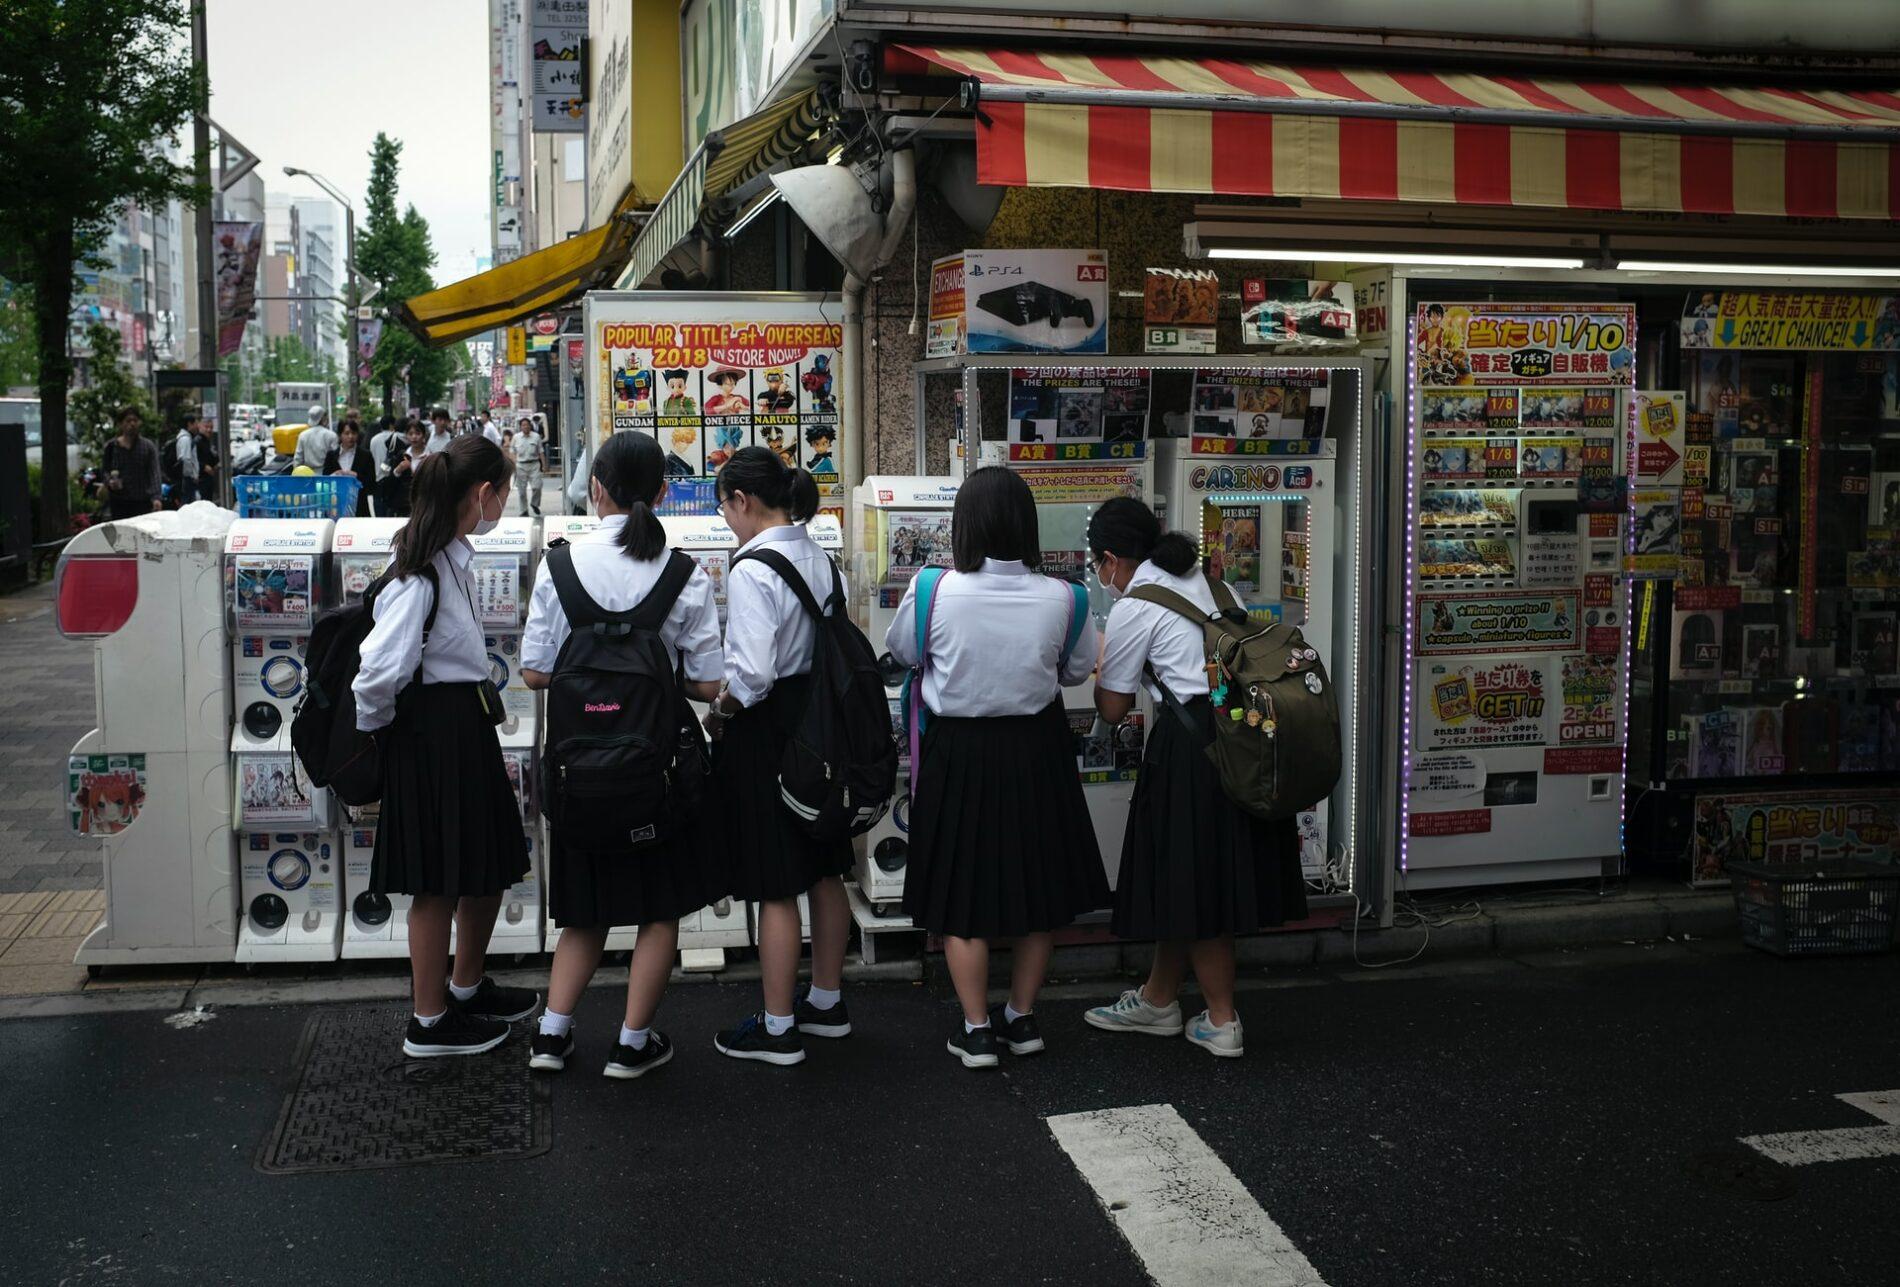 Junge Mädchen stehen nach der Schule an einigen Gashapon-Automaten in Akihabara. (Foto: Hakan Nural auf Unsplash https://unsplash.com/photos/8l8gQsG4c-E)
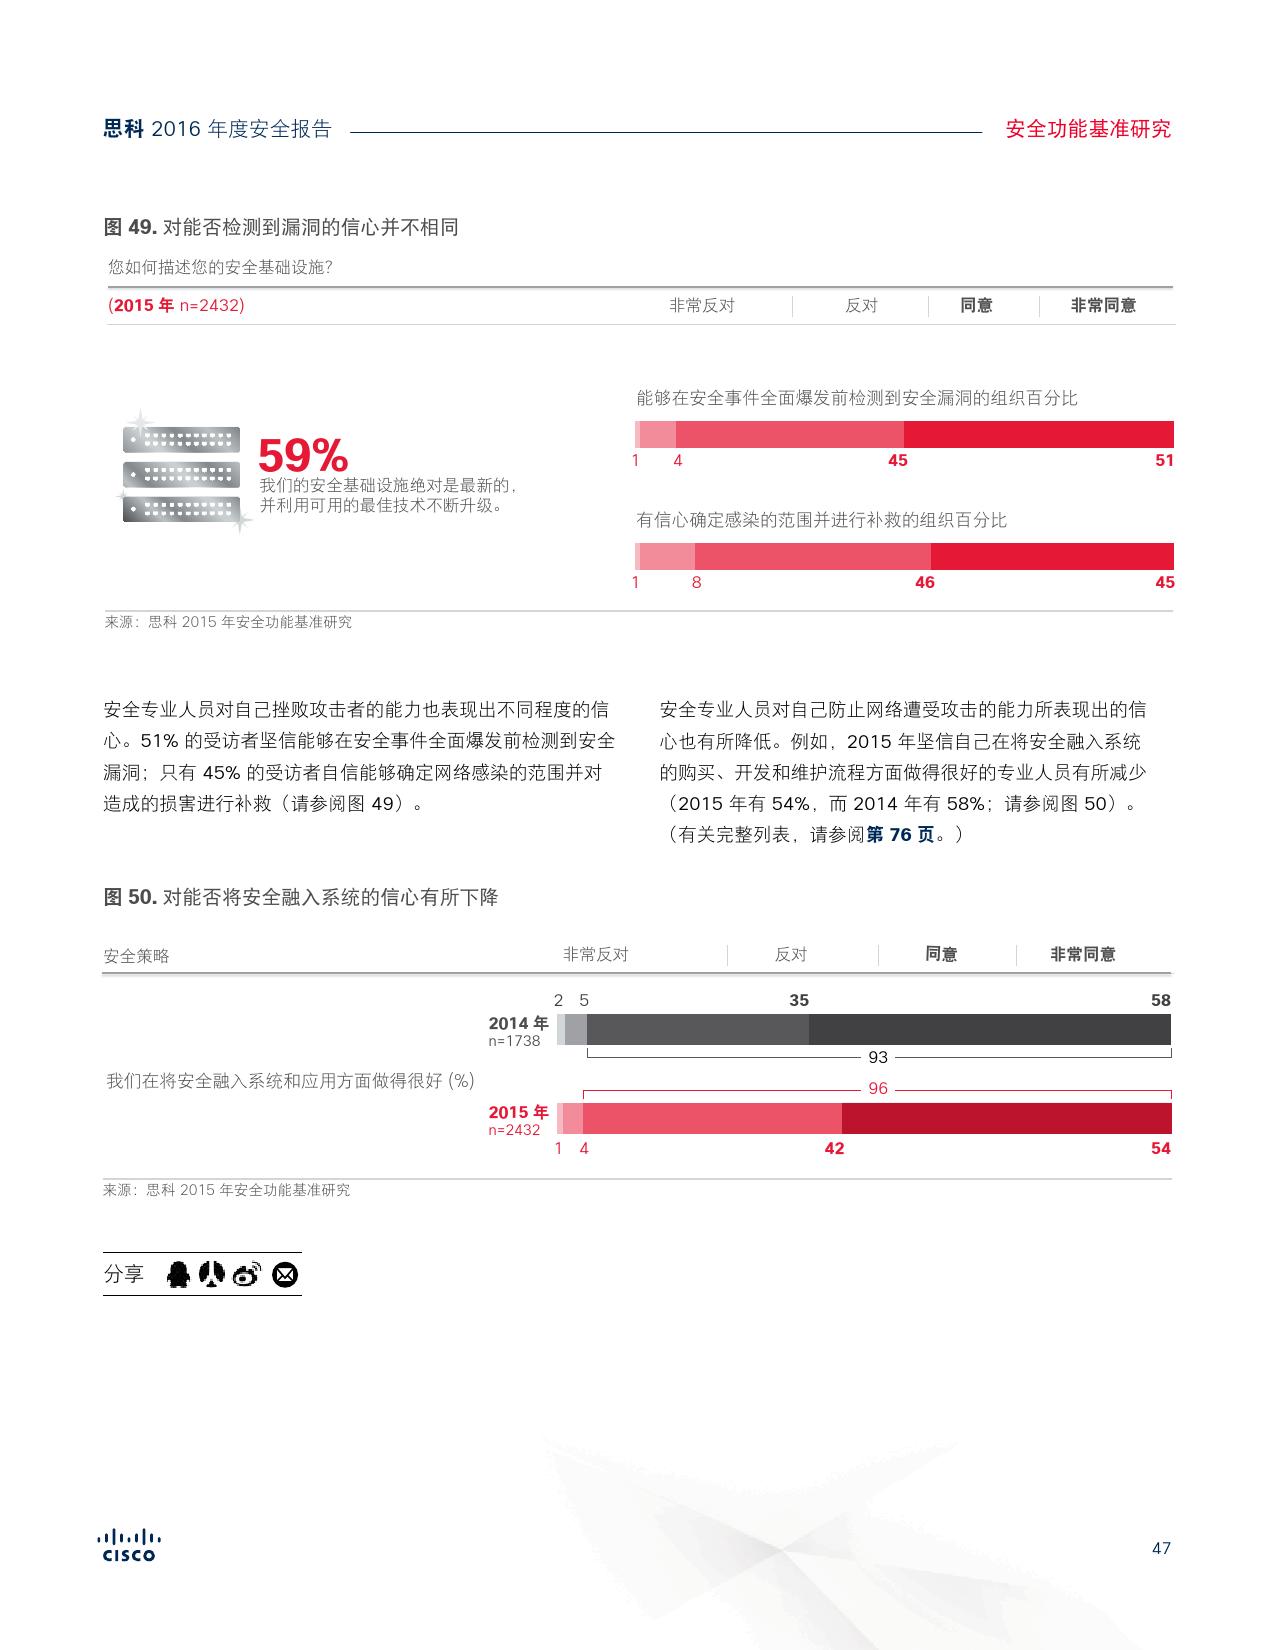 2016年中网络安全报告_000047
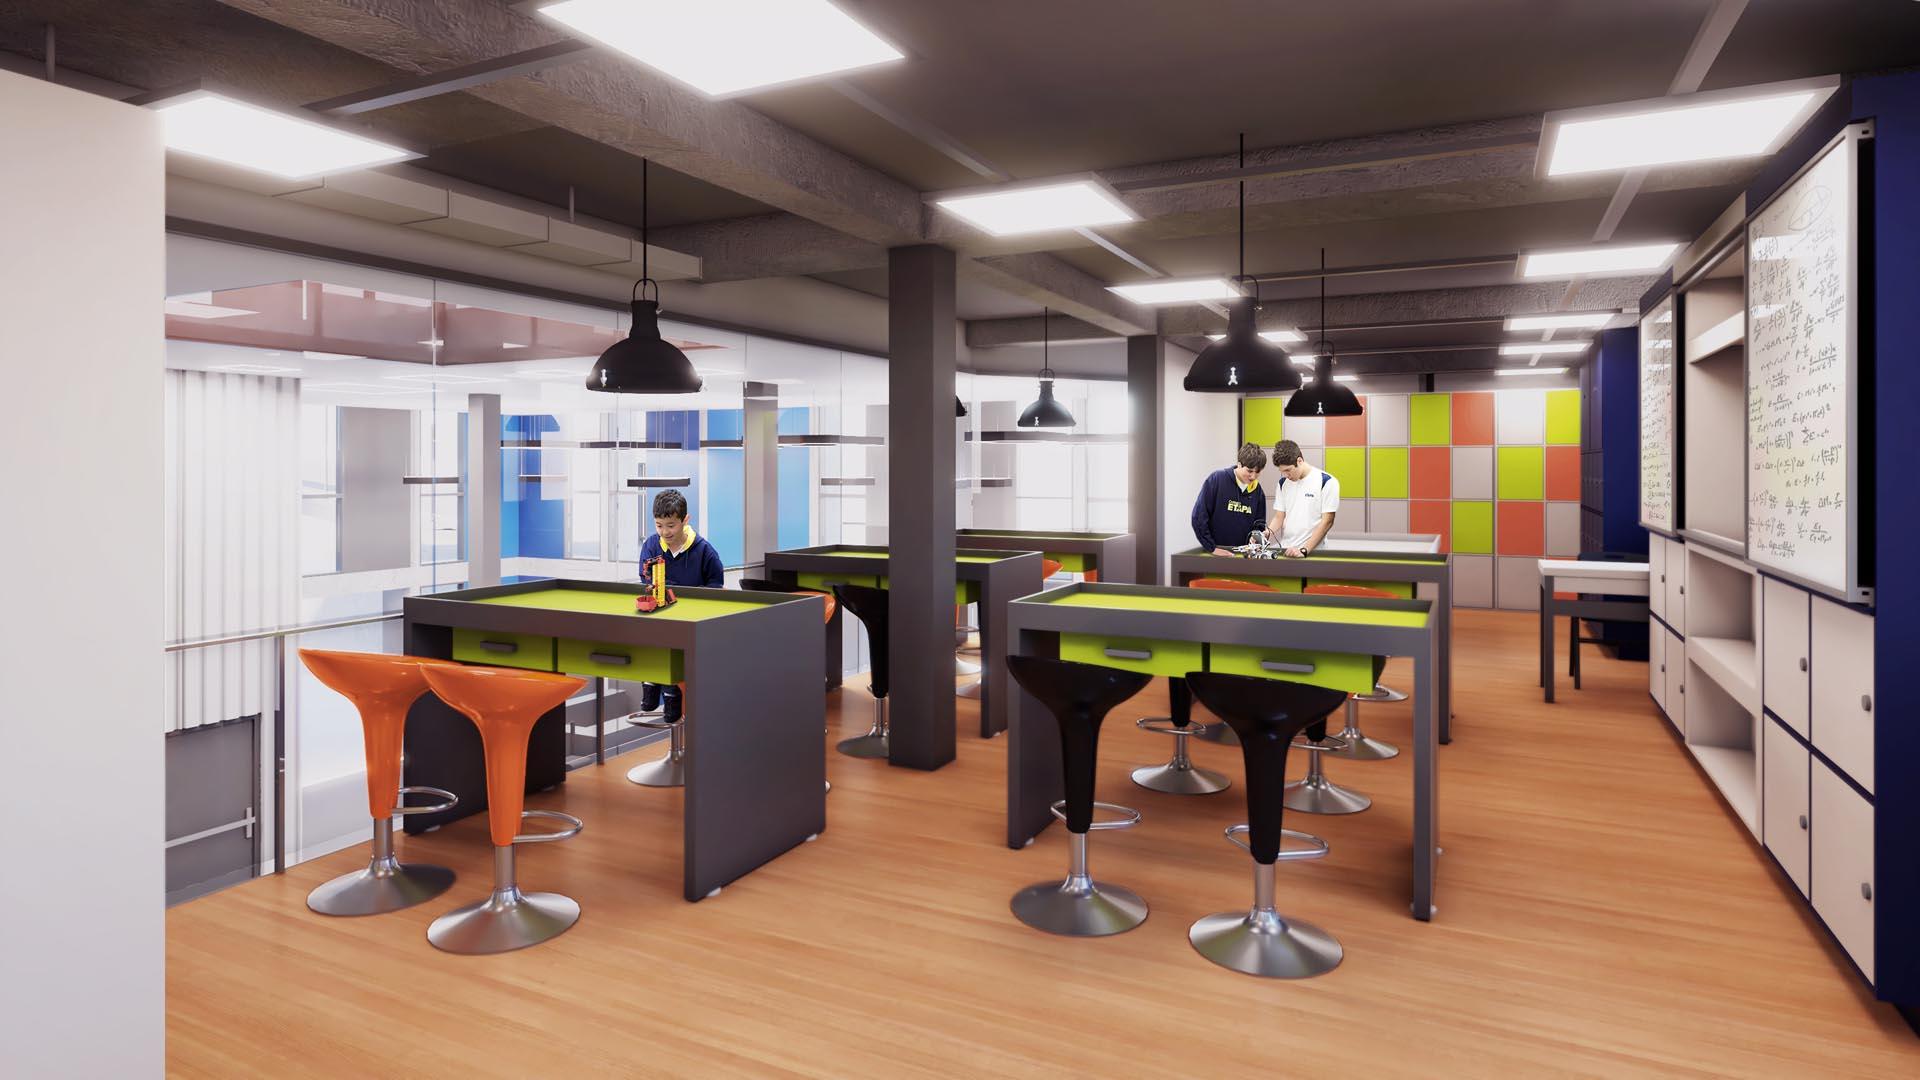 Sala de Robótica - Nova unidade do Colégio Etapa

**Task statement**
The expected output is exactly the lines from the one containing "2016年中网络安全报告_000047" through the last line of the listing, both included, with every picture left out.

**Result of the exercise**
 2016年中网络安全报告_000047
 Sala de Robótica - Nova unidade do Colégio Etapa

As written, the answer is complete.